6 Tips for Dealing With Difficult Clients

In a perfect world, your interior design roster would be full of clients who are decisive, open to your aesthetic vision, and low-maintenance. But no matter how many dream projects you’ve scored, you’ve probably worked with at least one client who is downright difficult. Whether they struggle to make a decision, text you constantly, or bring their baggage into the project, one thing’s for sure: This type of person makes your work more challenging.

“Determining a person’s own unique style, maximizing a budget, and finding ways to understand any other dynamics at play for a client leaves interior designers with an incredibly tall order,” says Brie Shelly, a Boston-based mental health therapist and consultant.

But just because you don’t see eye to eye with your client doesn’t mean the entire project has to be a nightmare. Below, three mental health experts break down ways to minimize conflict so you can focus on getting your job done and keeping your professional relationships intact.

Working with a bickering couple? Read the room.

Designing a home for a couple can be a rewarding opportunity, a chance to distill their personalities and dynamic into a beautiful space. However, problems can arise if your clients bring their personal drama into the project. Though a couple’s bickering might seem outside of your purview, Shelly encourages you to read the room. Chances are their conflict can shed some light on how to create a drama-free home.

“Don’t try to fix the problem,” she says. “Instead, ask informational questions and then listen. Think of yourself as collecting data while learning what is really at the core of the conflict.”

If money seems to be at the root of every argument, start to recommend budget-friendly fixtures and fabrics. Working with clients with drastically different tastes? Use your expertise to balance their two aesthetics. Shelly also recommends paying attention to who tends to be the final decision maker. That way, you can understand their needs while also considering the other person’s wishes.

“Ultimately, you’re not meant to be their therapist, but are there to help them love their space—so try to keep that as the focus,” she says.

Have a client who can’t make up their mind? Limit their options.

Regardless of its size, every design project is filled with many tiny decisions. While all these choices can feel understandably overwhelming for the end user, it can be frustrating to have your client change their mind every few days.

“Difficult people often need validation by other people, so they may change their minds depending on what they see in the homes of people they envy or value,” says Ramani Durvasula, a clinical psychologist and author. “The more vulnerable a person is to the assessment and validation of others, the more indecisive they will be.”

Durvasula recommends baking any supplementary fees into your initial proposal. “If you have to keep going back to the drawing board, make sure the costs associated with that are built into the front end,” she explains. “Even when it is in writing, some clients might try to dispute it.”

And recognize that your client might feel inundated with choices. “Many people will have design choice fatigue,” Durvasula notes. “Three [options] is usually a sweet spot.
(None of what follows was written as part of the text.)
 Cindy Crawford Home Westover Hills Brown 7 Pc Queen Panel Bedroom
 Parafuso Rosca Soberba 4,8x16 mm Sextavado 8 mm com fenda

Even if they [choose] a hybrid from three proposals, it’s not as overwhelming.”

Does your client break boundaries? Write it down.

Establishing boundaries might seem easy, but enforcing them is a different story. However, if you don’t uphold your limits, your client might assume it’s okay to bend the rules.

To avoid any confusion, Shelly recommends having clear expectations outlined in your contract, emails, and planning documents. That way, you can politely refer back to your policy when things get out of line.